Deutsche Gesellschaft für Neurochirurgie. 65. Jahrestagung der Deutschen Gesellschaft für Neurochirurgie (DGNC). Dresden, 11.-14.05.2014. Düsseldorf: German Medical Science GMS Publishing House; 2014. DocP 113

doi: 10.3205/14dgnc509, urn:nbn:de:0183-14dgnc5099

Published: May 13, 2014

© 2014 Ratliff et al.
This is an Open Access article distributed under the terms of the Creative Commons Attribution License ( You are free: to Share – to copy, distribute and transmit the work, provided the original author and source are credited.



Objective: Here we present a rare case of an infant suffering from foramina parietalia permagna combined with an atretic cephalocele. Large parietal foramina are a rare clinical entity with a prevalence ranging from 1:15,000 to 1:25,000. The skull defect is usually identified on physical examination and confirmed radiographically. We present a case with an atretic cephalocele and large persistent parietal foramina that increased in size over time and were revealed during surgery.

Method: The female patient was presented to our department at 2 months of age. She was born at gestational age 38, with a birth weight of 2710 g. After birth a soft swelling was noted parietooccipial and diagnosed as a collection of cerebrospinal fluid underneath the skin. Over time this swelling was documented to grow in size. An MRI showed an occipital cephalocele surrounded by cerebrospinal fluid, an agenesis of the corpus callosum and a hypoplastic vermis. When first introduced to our department the patient showed wide sutures. The patient had no other neurological symptoms. During surgery the subdural collection of cerebrospinal fluid was identified as enlarged parietal foramina measuring 3x2 and 2x2.5 cm. The brain tissue was elevated above bone level and lacked a dural cover. Surgical treatment involved covering the brain tissue with an artificial dura substitute and performing cranioplasty using autolog bone fragments.

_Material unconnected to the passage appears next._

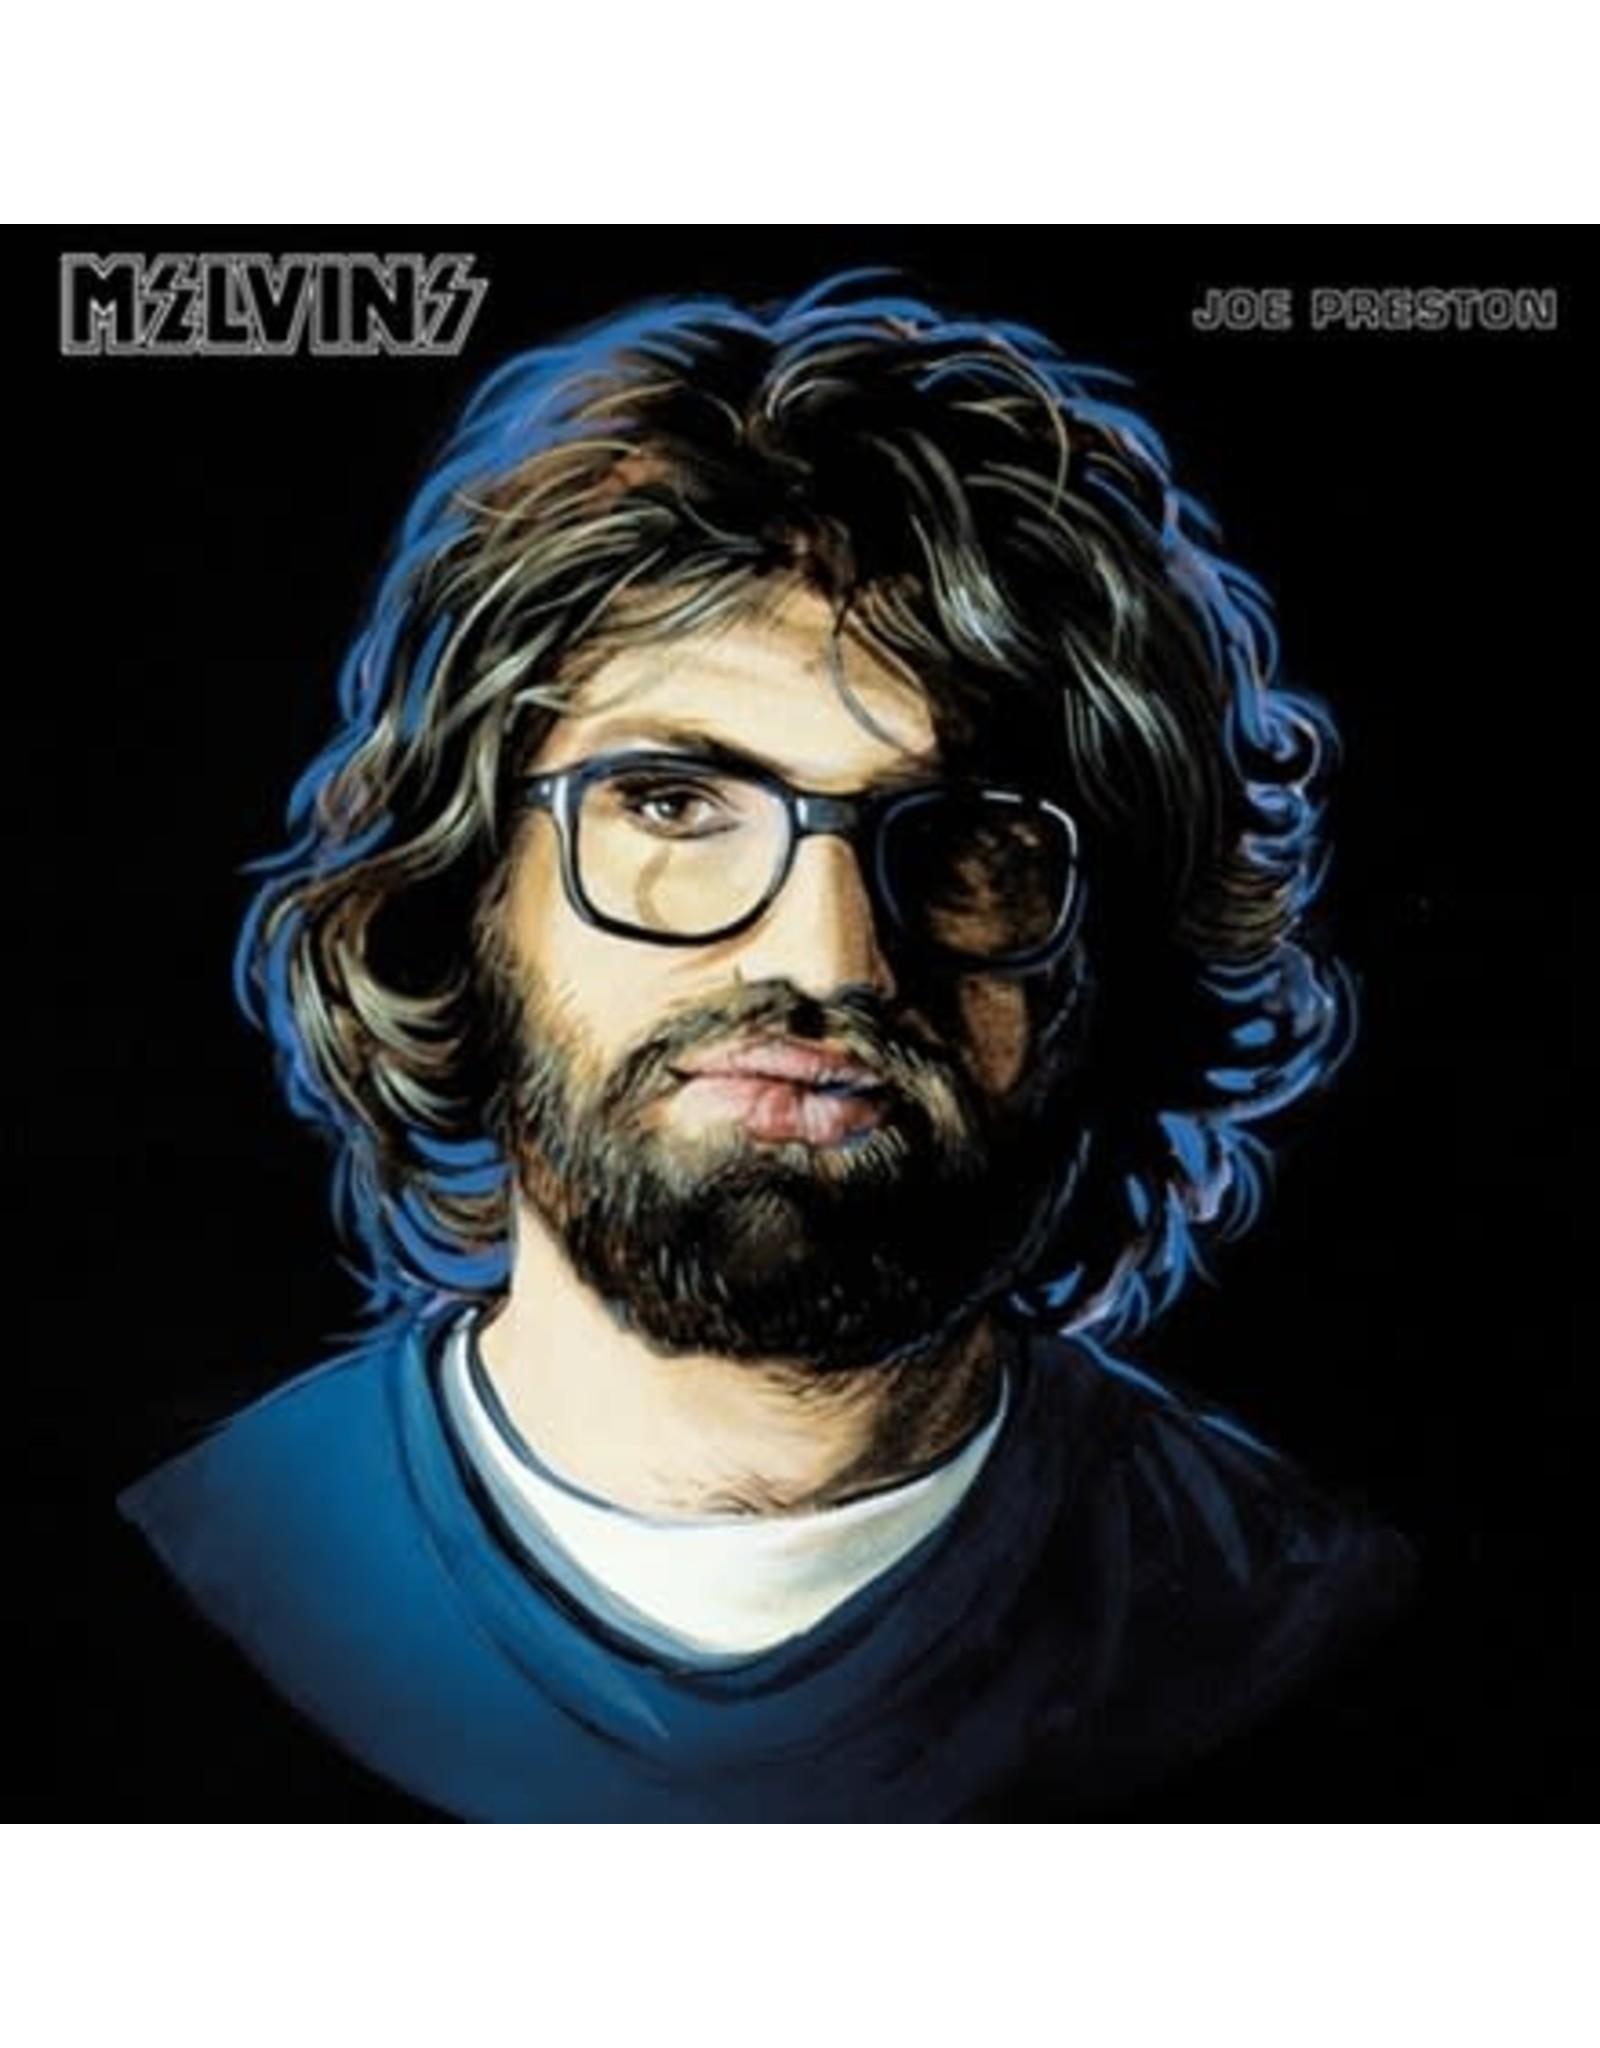 Boner Melvins: Joe Preston LP

Results: The cosmetic result was satisfying. There have been no problems with the wound healing and no new neurological deficits occurred. So far we do not observe osteolysis of the autologous bone fragments. Long-therm follow-ups will be performed.

Conclusions: Cephaloceles have rarely been associated with enlarged parietal foramina. Only one other case was published. Developmentally enlarged parietal foramina arise as ossification defects involving the parietal bone. If the defect occurs bilaterally it is subsequently cleaved into two foramina by parasagittal islands of ossification. Typically the cleft decreases in size during development. This case is exceptional because the infant required surgery at a very early age. Also to our knowledge this is the only case in which the foramina parietalia increased in size. We hypothesize this is due to the fact that no dura was covering the pulsating brain underneath the bone defect, consequently the skull bone was exposed to cerebrospinal fluid which is suspected to cause osteolysis.